Your goal. Take the material below and reproduce, word for word, only the lines from the line with "Orford Embroidery Blue" through the line with "Story of Seasons".

Material supplied.
******
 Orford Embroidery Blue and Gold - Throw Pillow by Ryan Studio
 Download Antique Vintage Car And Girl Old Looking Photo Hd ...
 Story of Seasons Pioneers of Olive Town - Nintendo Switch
******
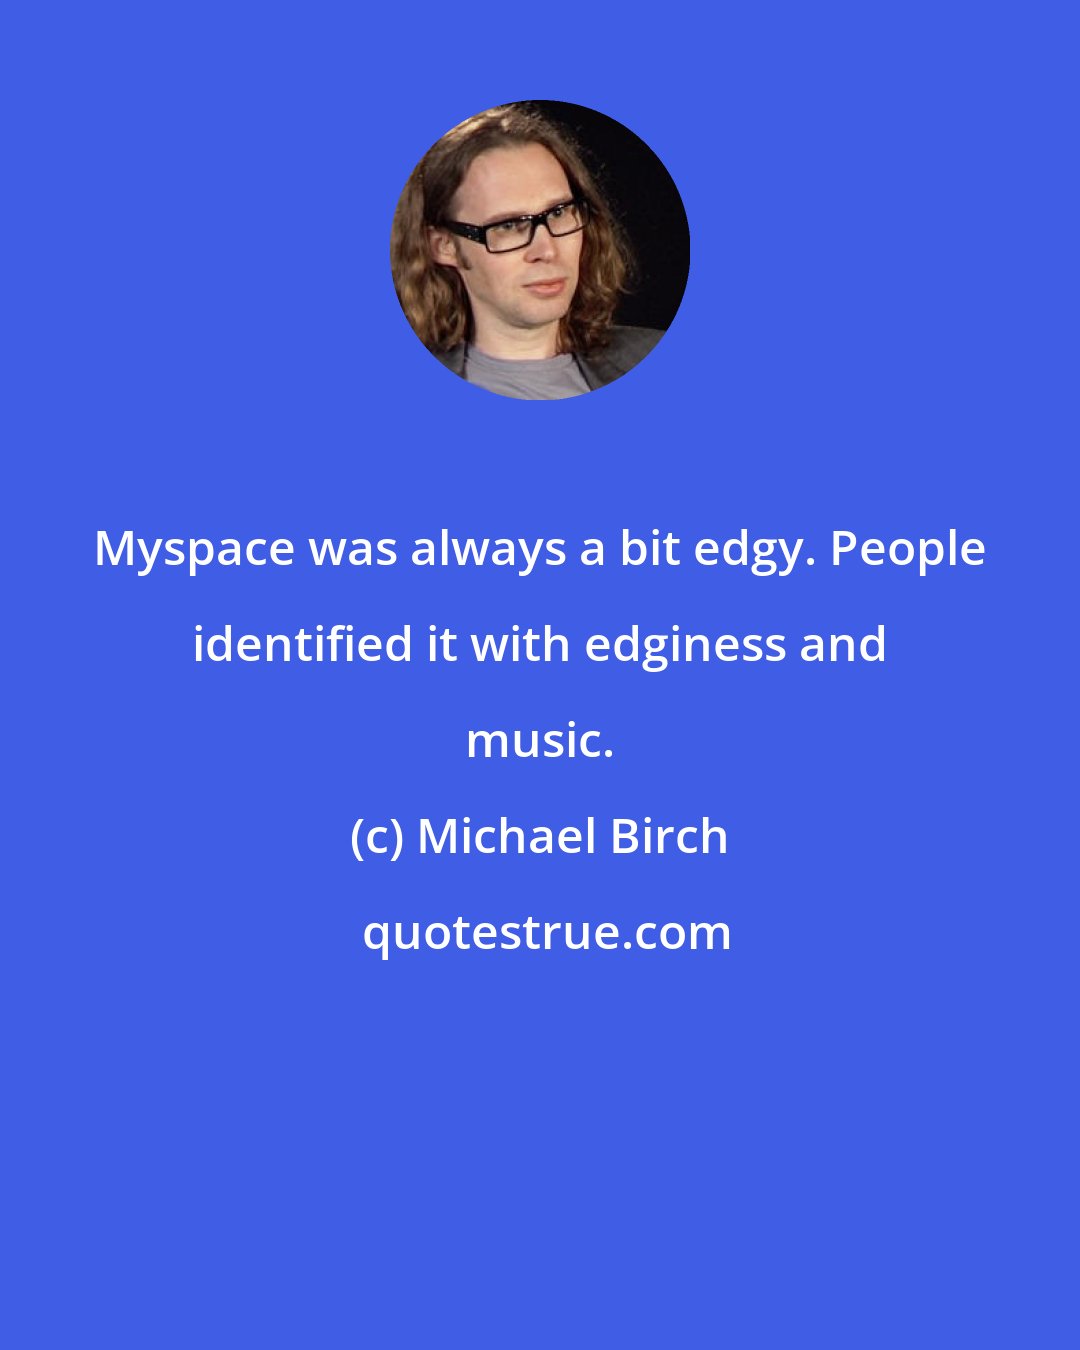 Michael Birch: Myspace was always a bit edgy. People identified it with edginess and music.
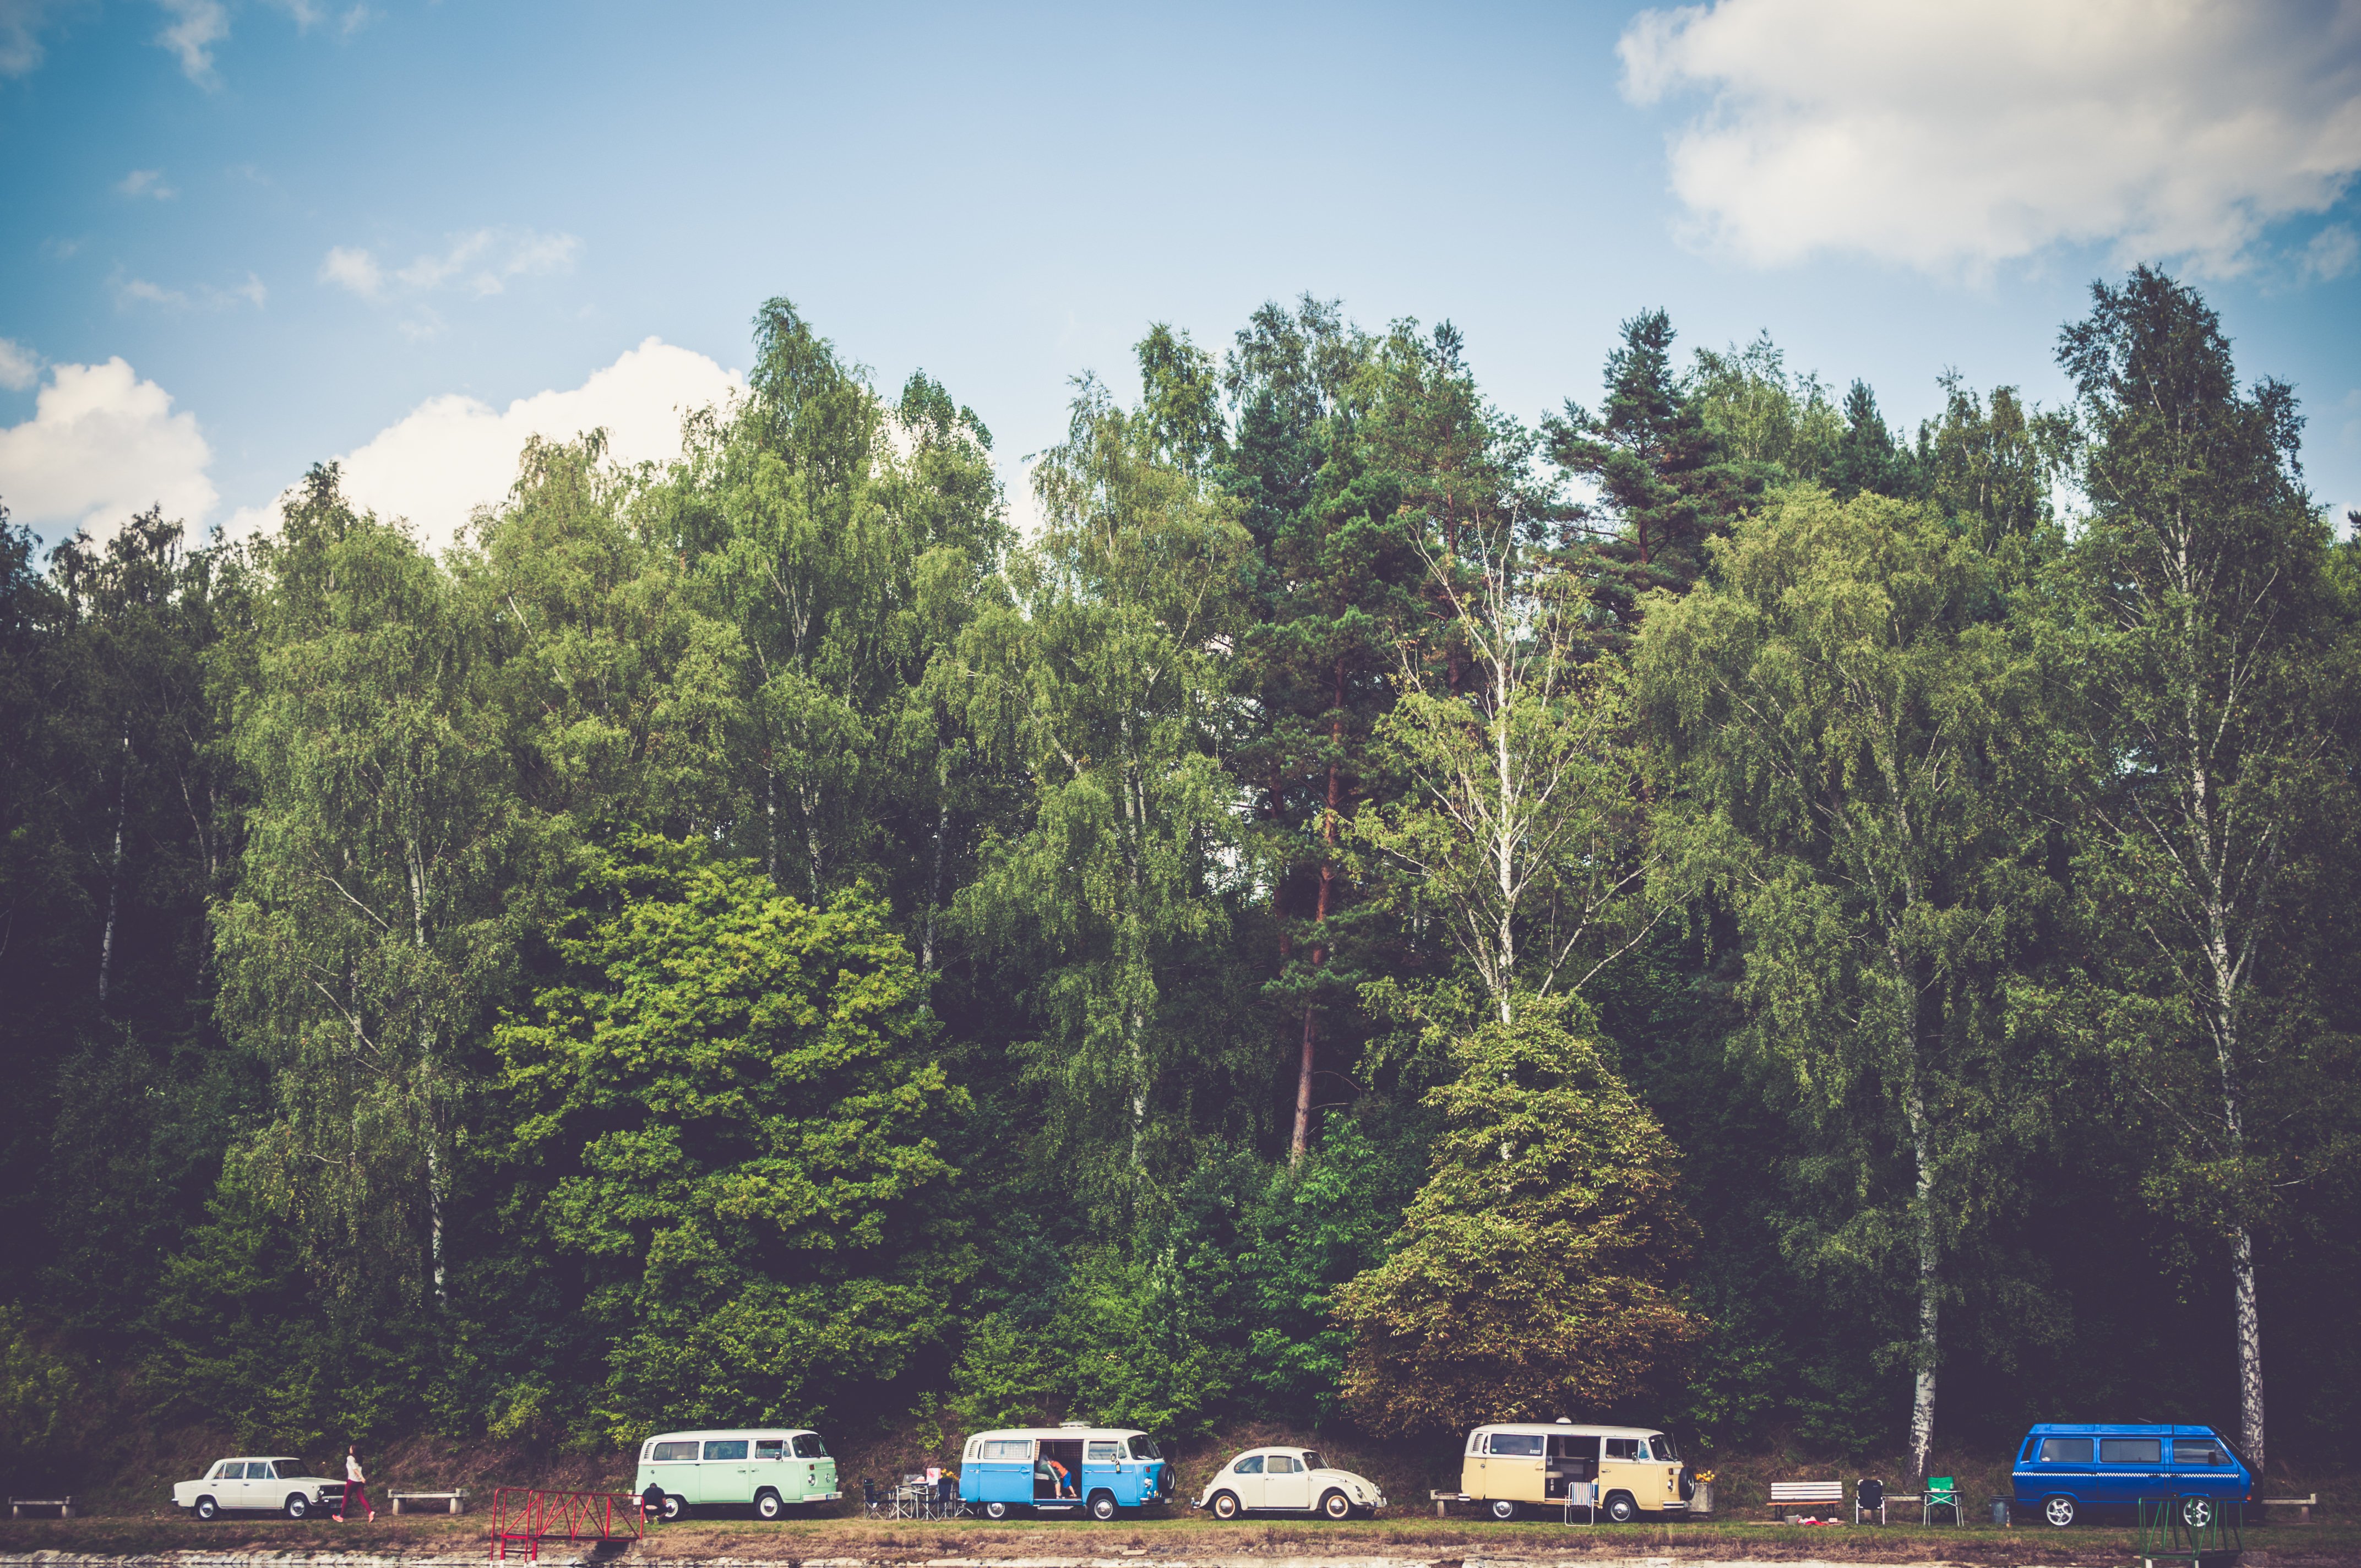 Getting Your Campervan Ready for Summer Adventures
******
Expected answer.
 Orford Embroidery Blue and Gold - Throw Pillow by Ryan Studio
 Download Antique Vintage Car And Girl Old Looking Photo Hd ...
 Story of Seasons Pioneers of Olive Town - Nintendo Switch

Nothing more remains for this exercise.